Call me prehistoric but I'm trying to use XHTML document type encoded in a UTF8 html page with a PRE tag containing text with some unicode linebreaks u2028.
Firefox at least seems not to honor u2028 as a linebreak in a PRE block. Changing the character to u000D or u000a seems to produce the linebreaks I'm expecting. (Technically the u2028 is encoded in UTF8 as a 3 byte sequence but I assume it is normalized back when it read). I haven't tested this with other browsers yet.
I tried digging through the W3C docs on HTML but was not able to figure out from the section on PRE just exactly what characters are treated as linebreaks.

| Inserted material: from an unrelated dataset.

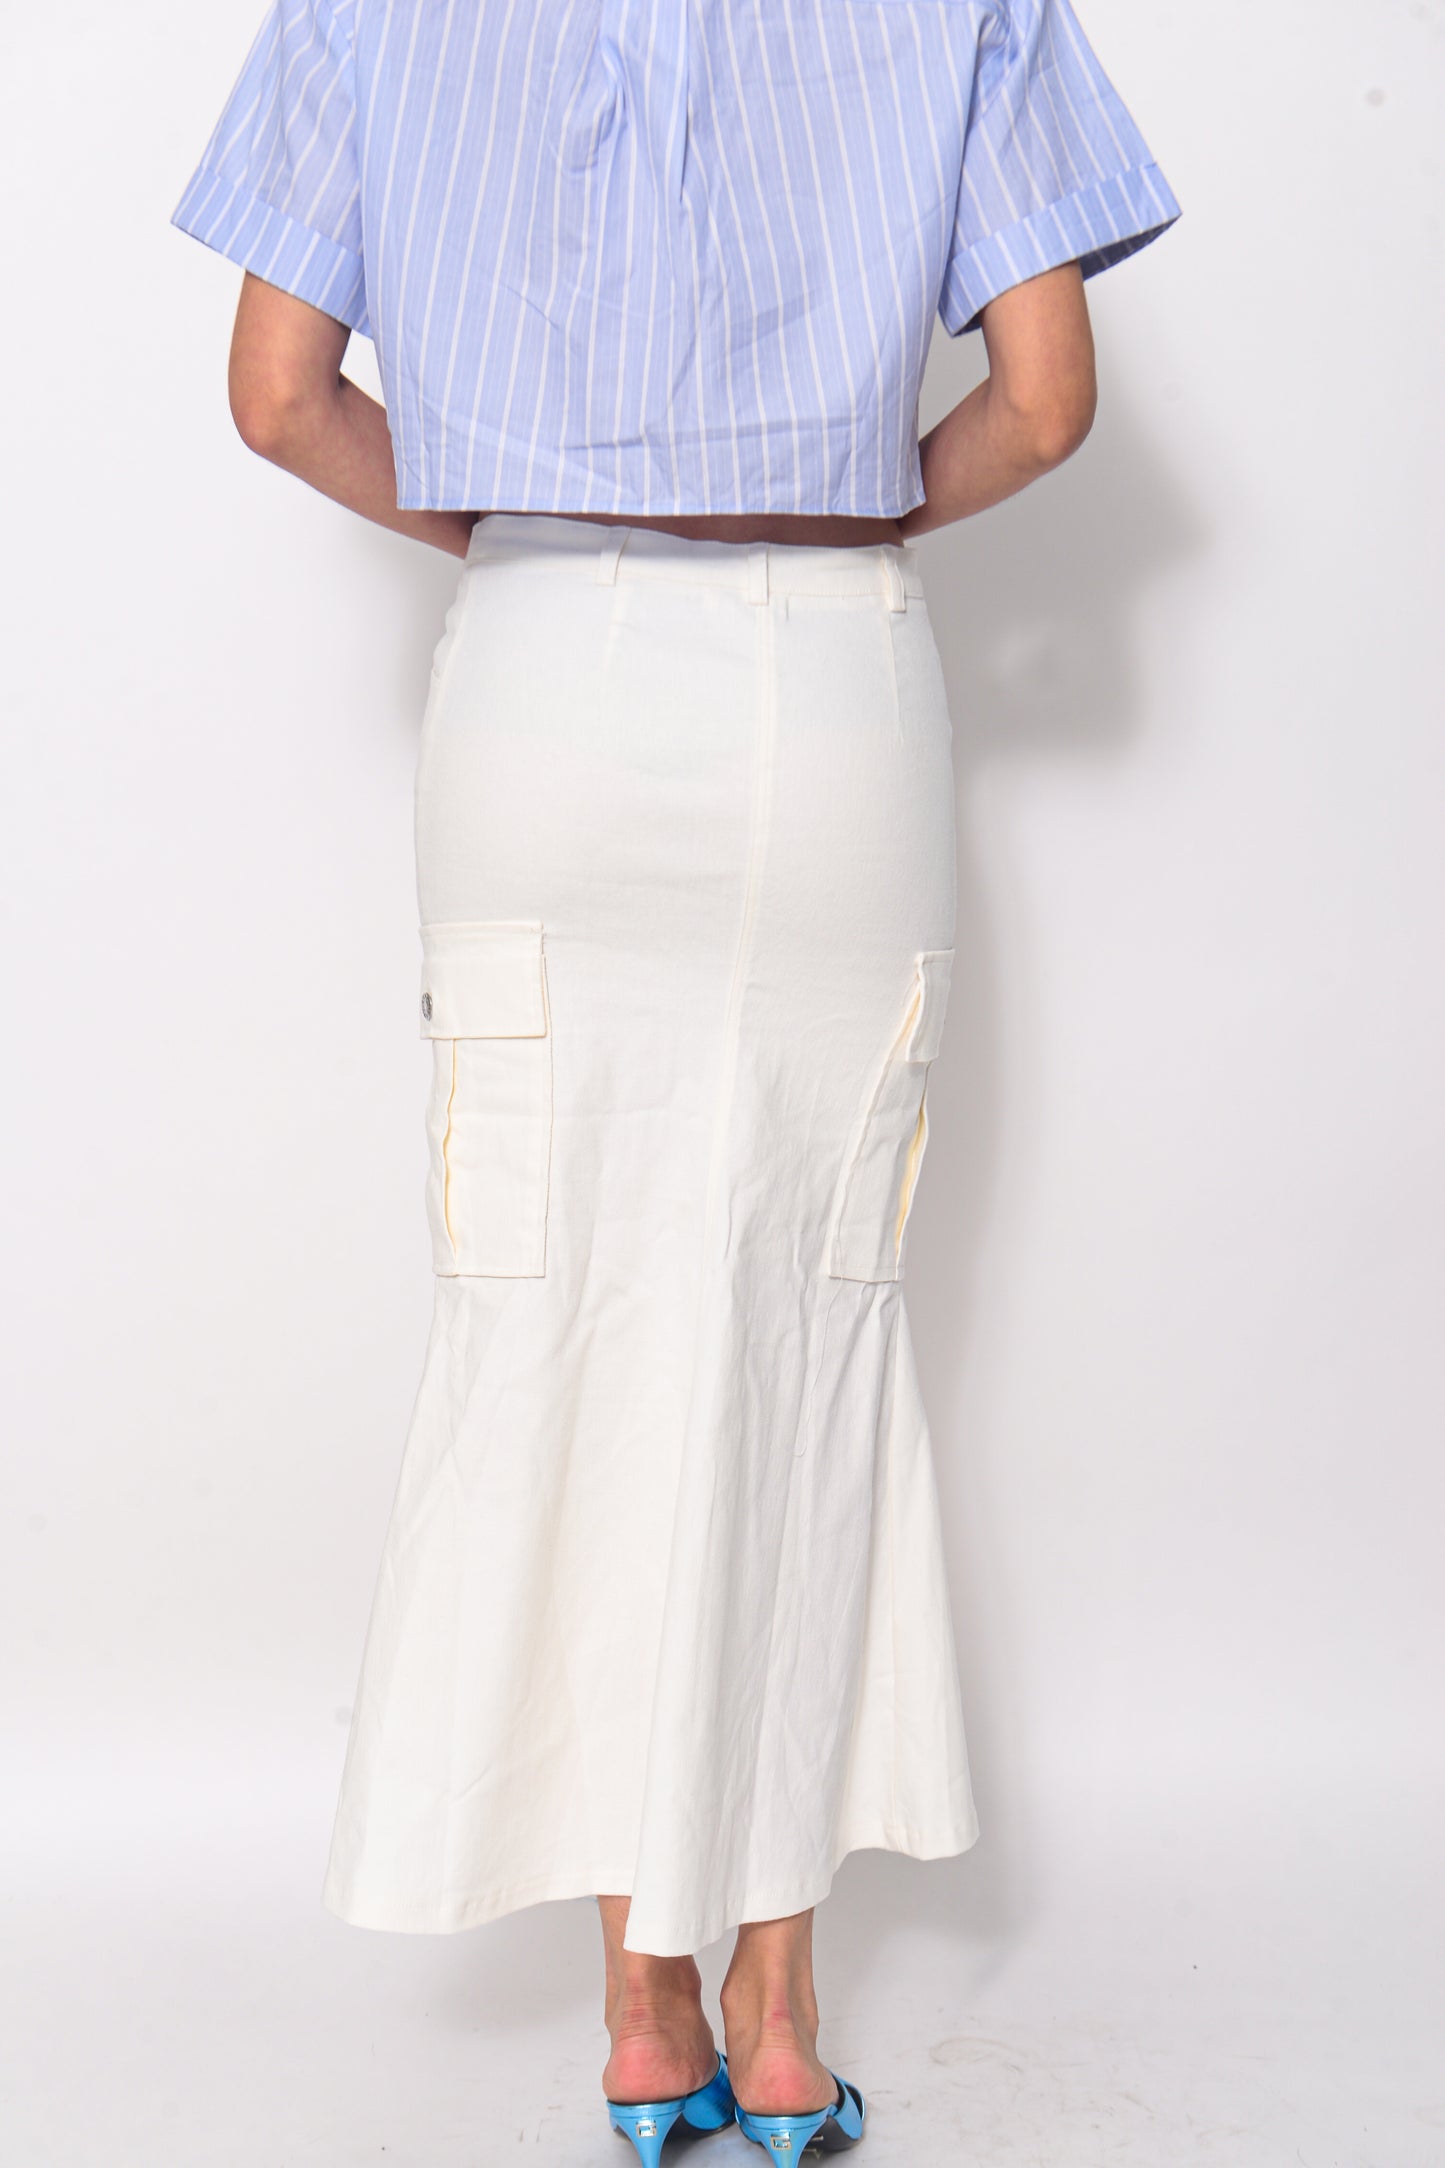 Asymmetrical white skirt

Where is chapter and verse on exactly what is interpreted as linebreaks in PRE? Is u2028 treated as such, with Firefox being defective, or the HTML standard brain dead in not interpreting u2028 as a line break when found in a Unicode file?

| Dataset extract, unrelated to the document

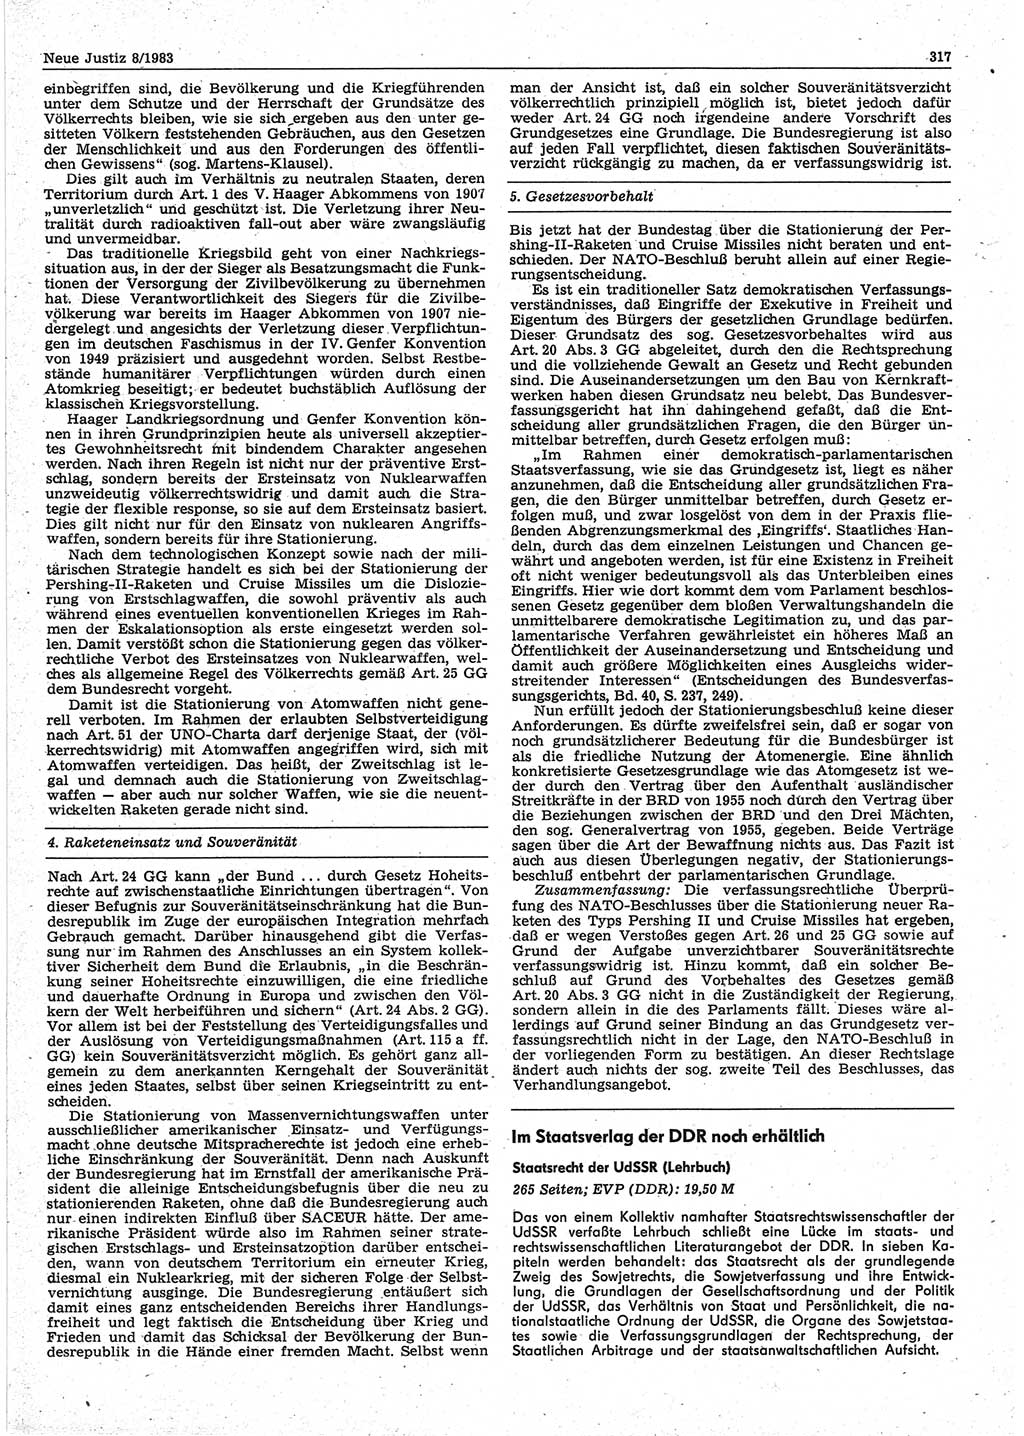 Neue Justiz (NJ), Zeitschrift für sozialistisches Recht und Gesetzlichkeit [Deutsche Demokratische Republik (DDR)], 37. Jahrgang 1983, Seite 317 (NJ DDR 1983, S. 317)

It seems pretty weird to me that a text (e.g. source code) file containing unicode would not use u2028 as a standard for line breaks (I actually have a code generator that produces source code like this, and I'm trying to display that code in an HTML page). Thus placing such code straight into PRE blocks i would think would produce the behavior I expect.
Despite what the nature of the PRE element might suggest, its rendering behavior is actually specified in CSS, not in HTML, as it pertains to whitespace rendering.

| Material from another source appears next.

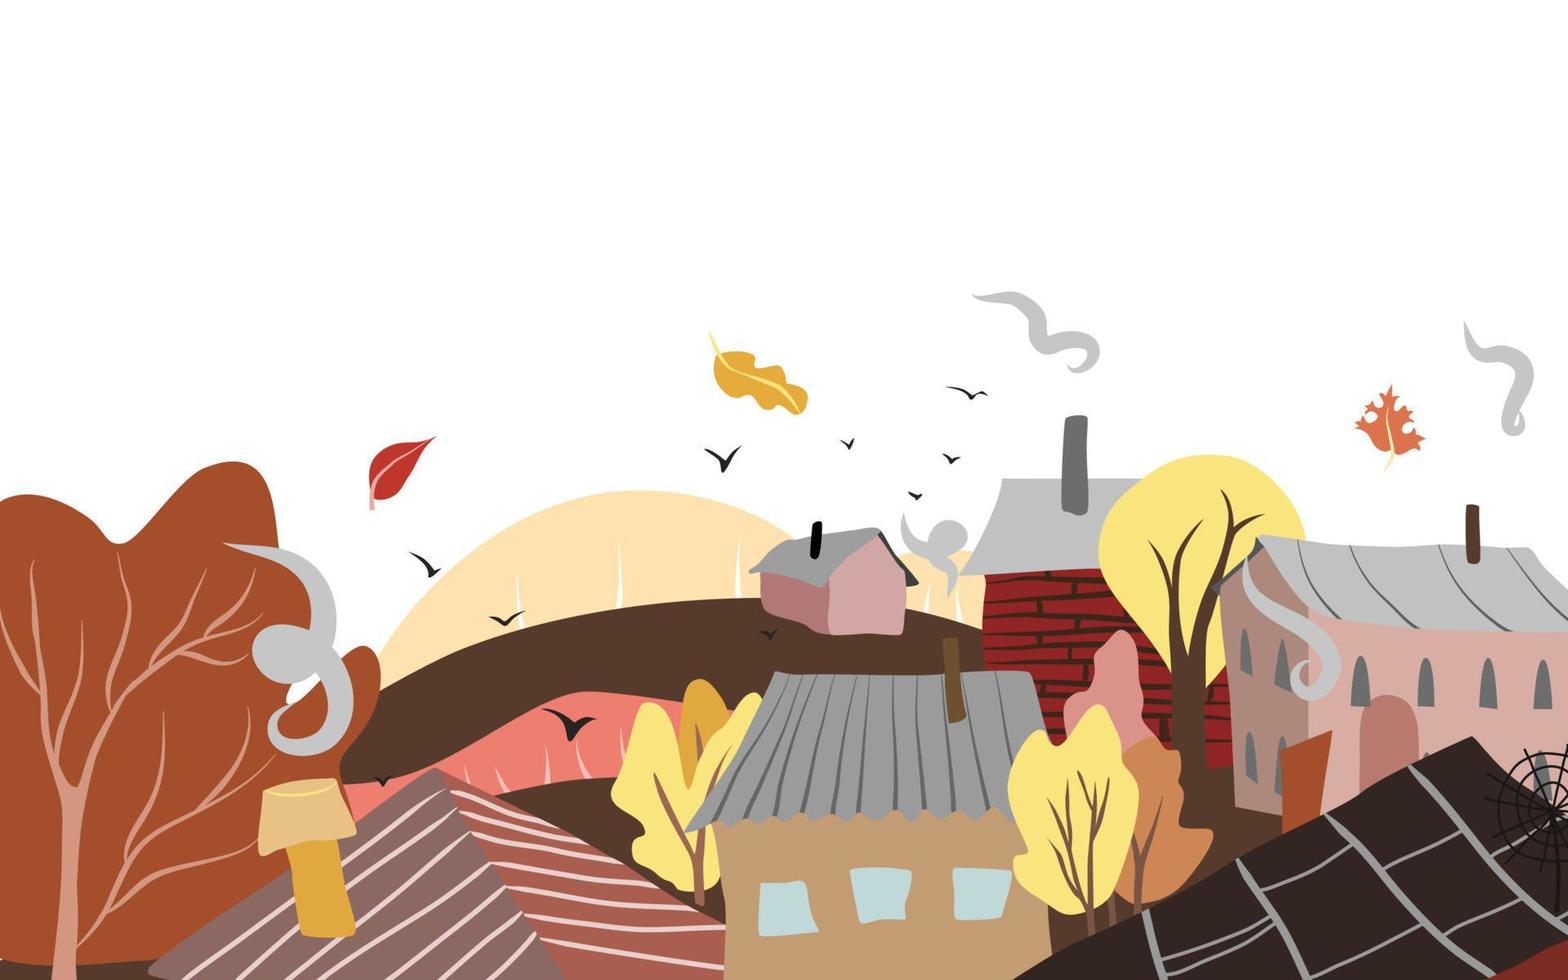 vetor paisagem de outono com casas simples e árvores. ilustração rural plana dos desenhos animados em branco na orientação horizontal. cores pastel suaves

CSS2 says that U+000D and U+000A count as newlines, and user agents may recognize and normalize other Unicode characters as such. It doesn't mention U+2028 anywhere however.
css-text-3 covers whitespace and line break processing much more comprehensively. It defines the term segment break as follows:
For CSS processing, each document language–defined segment break, CRLF sequence (U+000D U+000A), carriage return (U+000D), and line feed (U+000A) in the text is treated as a segment break, which is then interpreted for rendering as specified by the
white-space
property.
Like CSS2, it doesn't mention U+2028.
But, in a later section, it does mention forced break characters (of which U+2028 is one):
When determining line breaks:
- Regardless of the
white-space
value, lines always break at each preserved forced break character: for all values, line-breaking behavior defined for the BK, CR, LF, CM, NL, and SG line breaking classes in [UAX14] must be honored.
Note that it even says "Regardless of the white-space
value"; this means that even outside of a PRE element, U+2028 must introduce a line break (in a similar fashion to a BR element)!
As for implementations, Internet Explorer and Microsoft Edge appear to be the only browsers that render U+2028 as a line break within a PRE element with the default of white-space: pre
. The only caveat is that they normalize it to U+000A so it ends up being treated as regular whitespace outside of the PRE element (or white-space: pre
/pre-line
). This matches what css-text-3 says about preserved forced breaks, but I'm not sure if the act of normalizing U+2028 to U+000A itself is acceptable, or a Unicode/CSS spec violation.
Chrome on Windows 10 always prints a symbol labeled LSEP, and Firefox always prints a zero-width character.
Whether the document is application/xhtml+xml or text/html seems to make no difference in any of these cases.